As I was being particularly hard on myself one day a friend asked me what I enjoyed about smoking and suggested I connect with that, and see if I could quit from a place of gratitude.
He was right. I found I deeply enjoyed many things about cigarettes. Socially they kept my hands busy and gave me reasons to connect with others – sometimes attractive others. Professionally they gave me a reason to take a break and let my non-rational mind take over. And they also were enjoyable sensory experiences in their own right – the taste and smell (and nicotine hit) had become deeply enjoyable to me over the years, especially with coffee involved.
Over the course of the next two weeks I let myself smoke as often as I liked and each time pushed myself to be consciously and specifically grateful to cigarettes. I turned off the critical mind and allowed myself to fully enjoy and appreciate smoking. I found I liked it, a lot but not enough to compensate for some things I didn’t like – smelly clothes, financial expense and impeded health.
When I opened the last pack I added “and I think I can get along without you from now on” to my gratitude. I explained to the smoke that it wasn’t that I hated it I just felt we’d learned as much as we could from each other and it would be best if we parted ways from here on out. And I knew it was true. I could get the good things cigarettes gave me in ways that didn’t cost so much.
The smoke tries to pull me back in occasionally but I’m clear I’m done and it gives up quickly. I guess I’m not an enticing mark anymore.
My friend, fellow coach (and personal hero) Bryan Franklin often says that appreciation is the key to change. That is that you cannot change until you fully appreciate where you are. I’ve found this to be true in many areas of my life, but nowhere was this more present than with cigarettes.
I think there are several reasons for this but the most important is that appreciation helps you see exactly where you are – the plusses and the deltas. If you are fighting the current state of affairs, you are probably not fully seeing things as they are. This means you are missing the options you have and therefore are feeling forced into change. And, whether internally or externally imposed, the use of force never bodes well for building true, sustainable change.
Agile adoption is about changing how we view our jobs, our organizations and ourselves. What can you appreciate about your team today – especially the deltas? How can you help your team appreciate (e.g. fully see) where they are?
Agile is Not Pretty
I recently took pictures of myself in my underwear. I also weighed myself, measured the circumference of several parts of my body and had a trainer measure my body fat. I then recorded the results in a spread sheet – I’ve never done this before and, until I did, I thought I was in pretty good shape. It was a humbling experience.
I did all this because I’m reading The 4-Hour Body and I am generating a before picture of myself that I’m hoping will contrast nicely with the picture I create after a couple of months of focused exercise and dietary change. [And no, you cannot see the pictures, not yet anyway.]

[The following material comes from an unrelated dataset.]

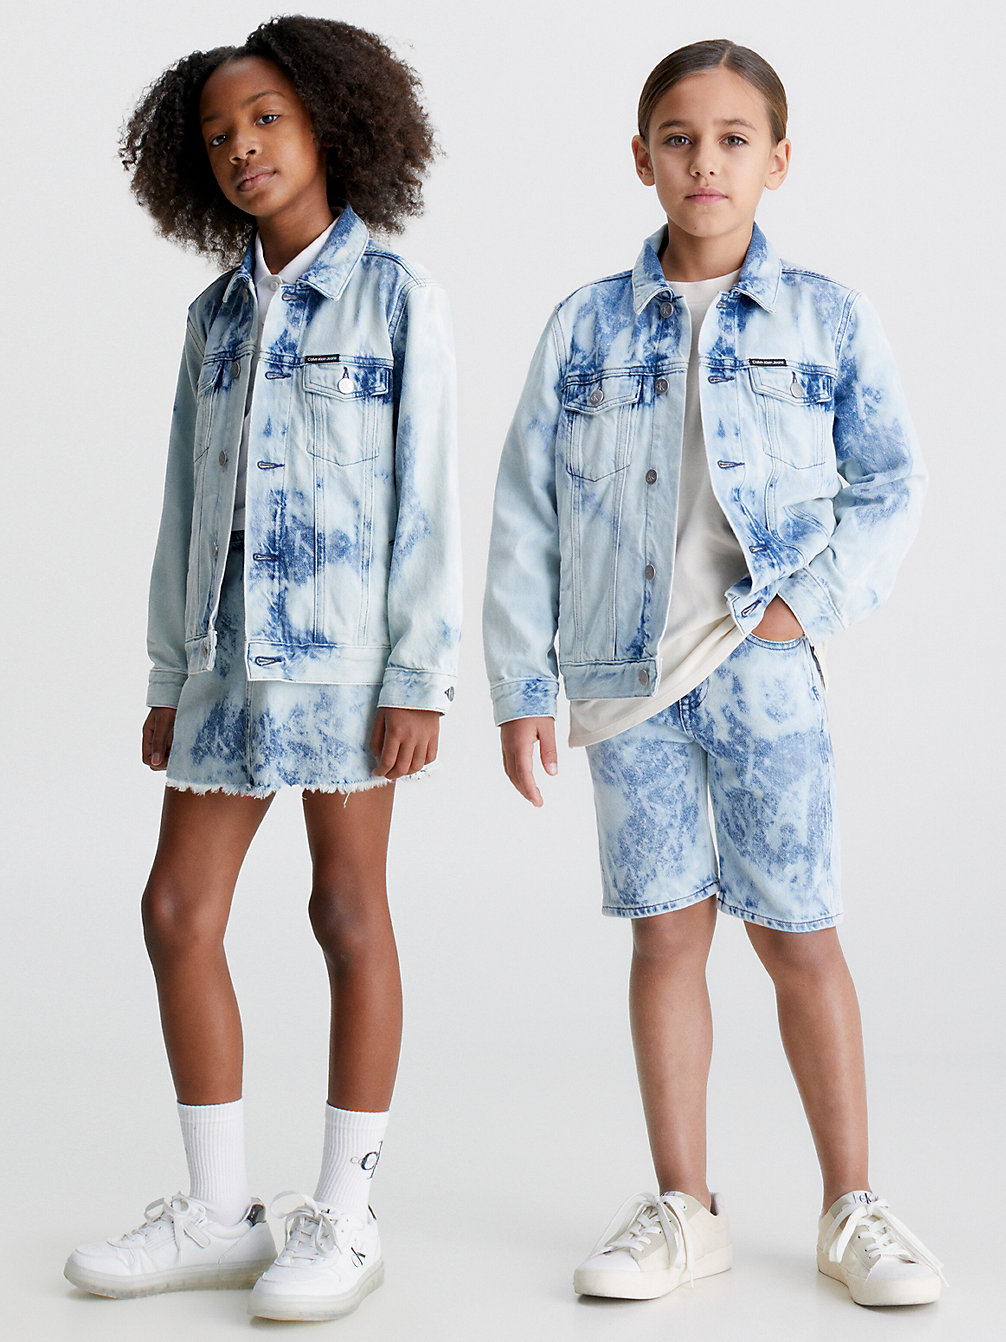 AOP LAZER TRUCKER Kids Denim Tie Dye Jacket undefined kids unisex Calvin Klein

Some of my favorite coaching tools help teams take “pictures” like these. We estimate capacity, measure velocity and work to get a clear picture of the throughput we can anticipate for a team. We do this in an effort to get a realistic idea of where a team is and what they can actually accomplish in the time they have.
I’ve posted my pictures in a place where I see them every day and I encourage teams to do the same. “What gets measured gets managed” as Senge says of course but – there is also Heisenberg’s uncertainty principle that the act of simply observing something can change it. I’ve seen this time and again.
Agile is a way for your organization to get real with itself. The mechanism is simple but the results of such truth telling can be astounding. And, just like those painful pictures I look at every day, you may not like what you see.